Yes, we avoided a depression and a world war, but I would think he’d want to celebrate that fact. Dole almost sounds resentful that our generation didn’t have a depression. I’m sure he resents those who protested the Vietnam War, but is avoiding a war his definition of having never sacrificed, never suffered?

Has he heard about alcoholism? Child abuse? Family tragedies? Does Dole know the life story of every White House staffer to whom he was referring? The president himself, whom Dole no doubt includes in his diatribe, was an infant when his father died and then had an alcoholic stepfather. That doesn’t sound like any bed of roses.

You could make the argument that few generations were as star-crossed as the one born during the 1920s.
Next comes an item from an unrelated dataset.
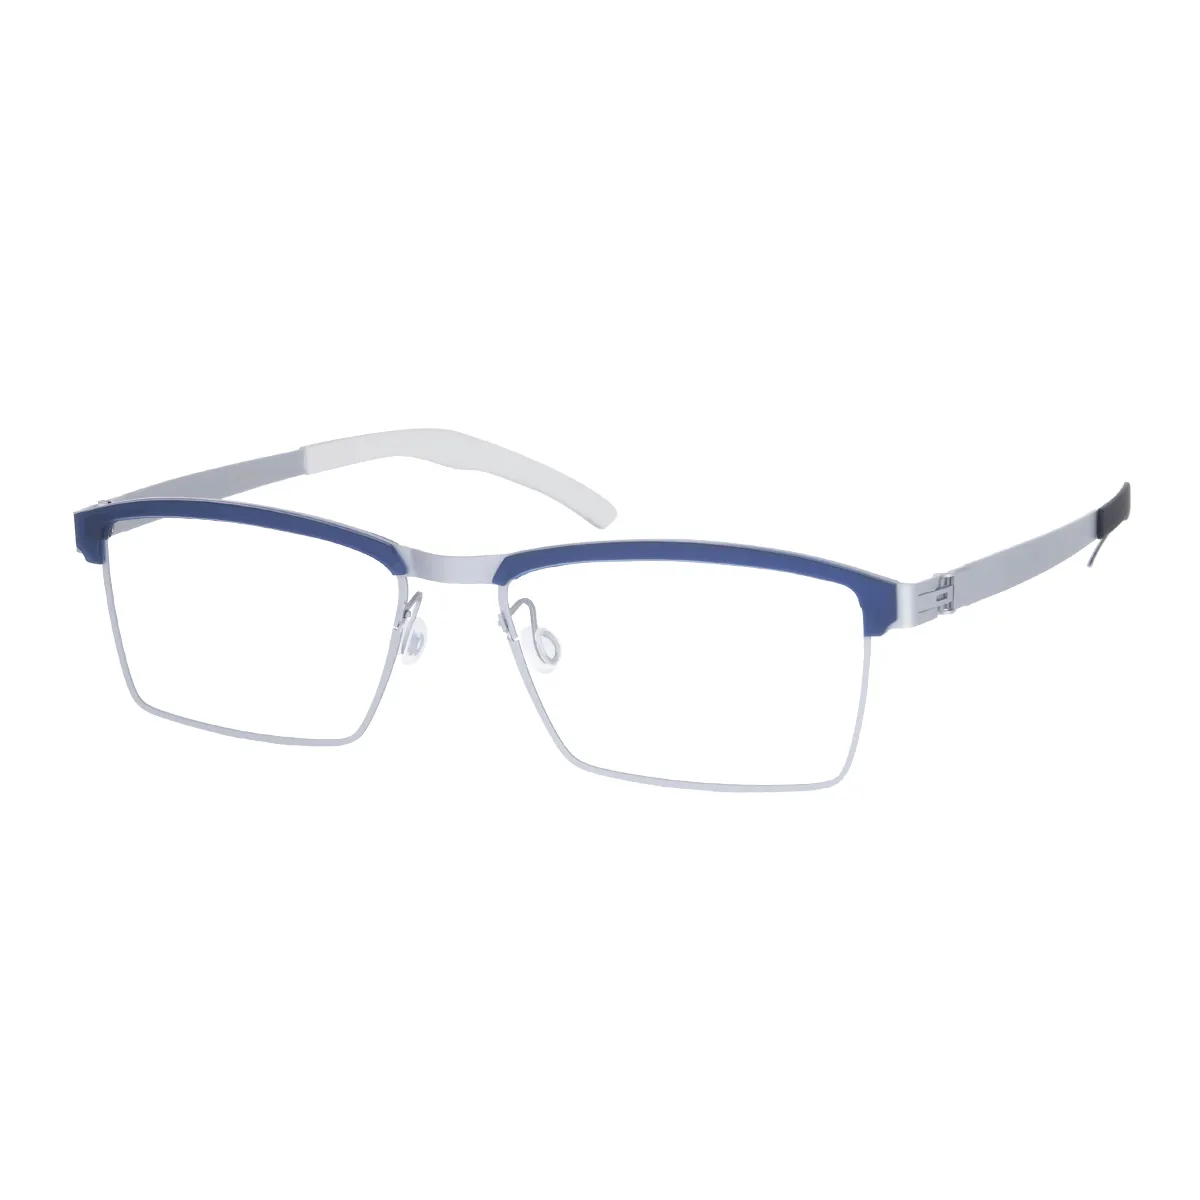 Gang - Half-Rim Silver Blue Glasses for Men - EFE
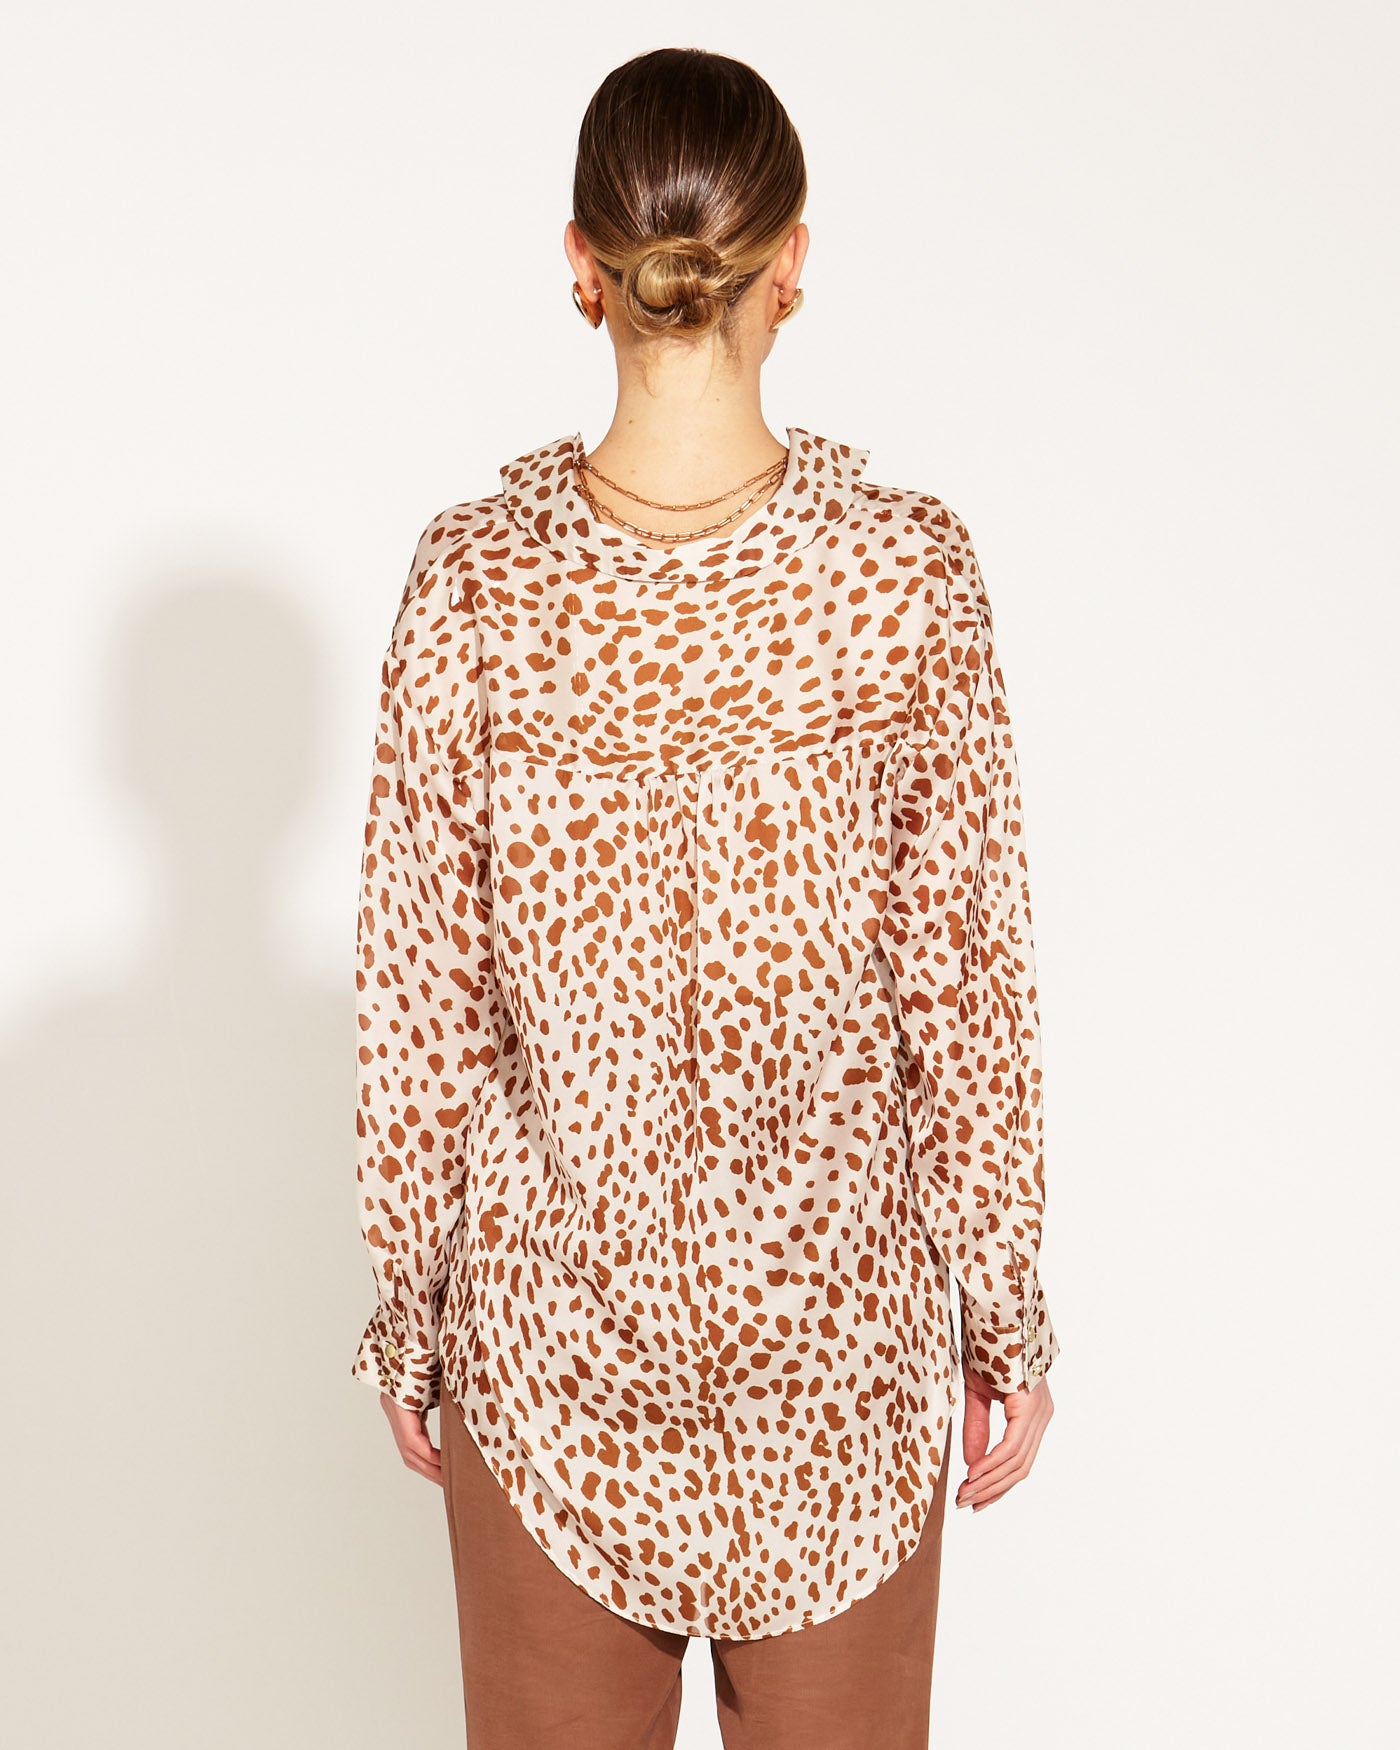 Fate+Becker True To Life Collared Shirt - Giraffe Print

Their childhoods were dominated by the Depression and they were teens when World War II broke out. Dole was born the same year as my father and three years before my mother, and I’ve spent much time thinking about how difficult their childhoods were.

What I read into his insinuation about the Clinton White House is a profound misunderstanding that the baby boomer generation doesn’t appreciate what his went through. I think we understand it very well, especially as we’ve aged and acquired a better historical context.

Dole, on the other hand, seems trapped in his 1960s time warp when millions of teenagers were rebelling against the Vietnam War and, by extension, their parents. Those days are long gone, Mr. Dole.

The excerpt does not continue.